Based on a document prepared by Penny Olsen (2001)

About the Abbott's Booby

Abbott's booby is listed as Endangered under the Environment Protection and Biodiversity Conservation Act 1999 (EPBC Act). This report provides a background for the Abbott's Booby (Papsasula abbotti) Recovery Plan.

Abbott's booby Papasula abbotti is a large, long-lived seabird, with the only known extant nesting colony on Christmas Island. It is an unusual black and white, large-headed, tree-nesting booby, with a distinctive hooked bill. Originally described, as Sula abbotti (Ramsay 1893), from a specimen collected northwest of Madagascar in 1892, it is one of the largest of the seven species in the family Sulidae, the gannets and boobies.

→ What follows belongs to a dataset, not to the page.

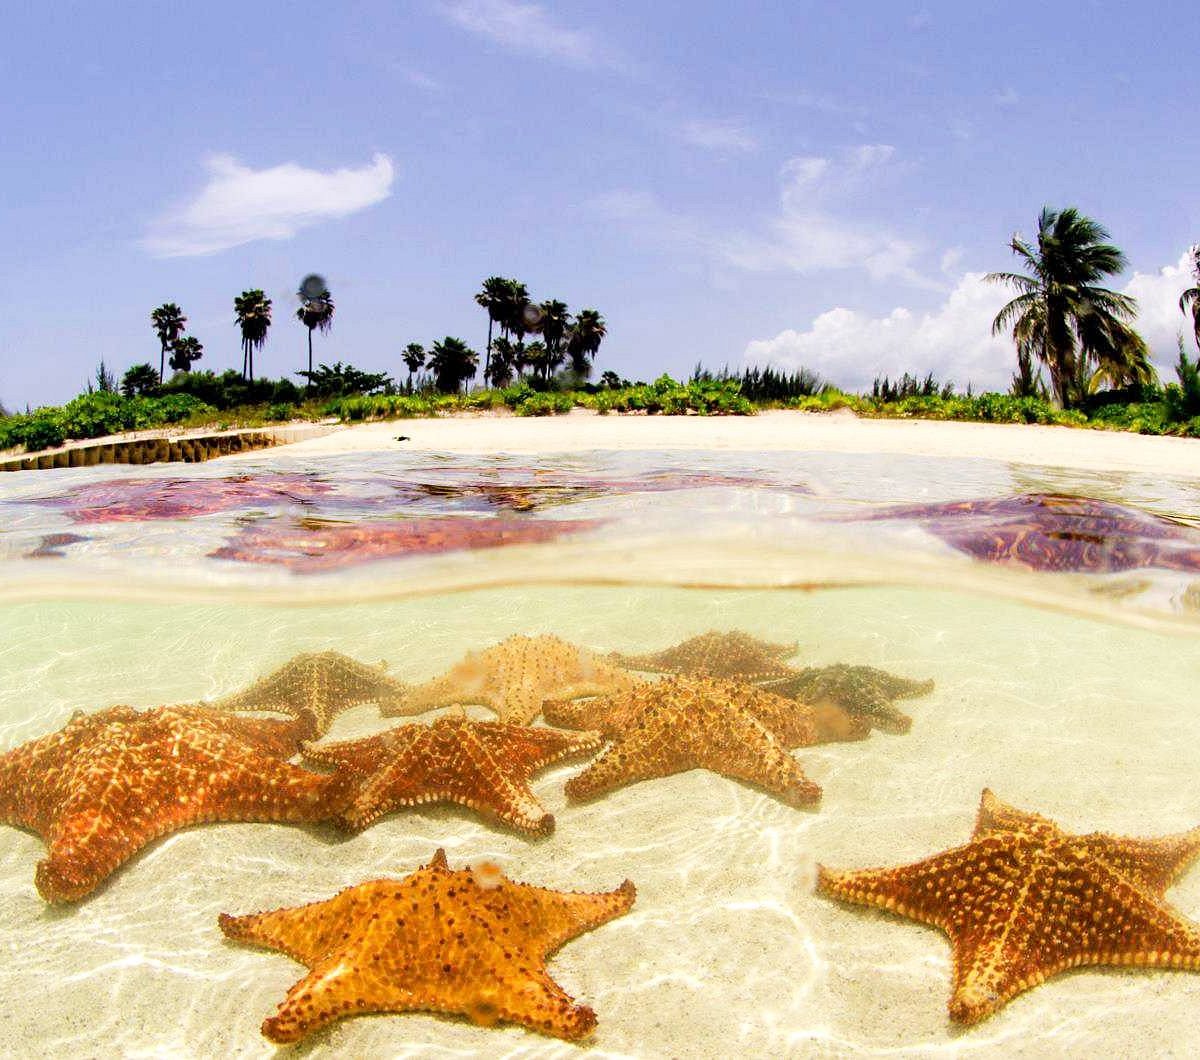 Giant starfish on Texas beach: Woman sees big sea star at Port Aransas

More recently it has been recognised as unique among sulids in osteology (Olson and Warheit 1988), breeding biology and behaviour (Nelson 1971), and lack of distinctive juvenile plumage (Carboneras 1992), and placed in its own genus (Olson and Warheit 1988; Christidis and Boles 1994). It is thought to be the most primitive Sulidae, a family that belongs to one of the most ancient bird orders, probably originating in the late Cretaceous, more than 60 million years ago (Carboneras 1992).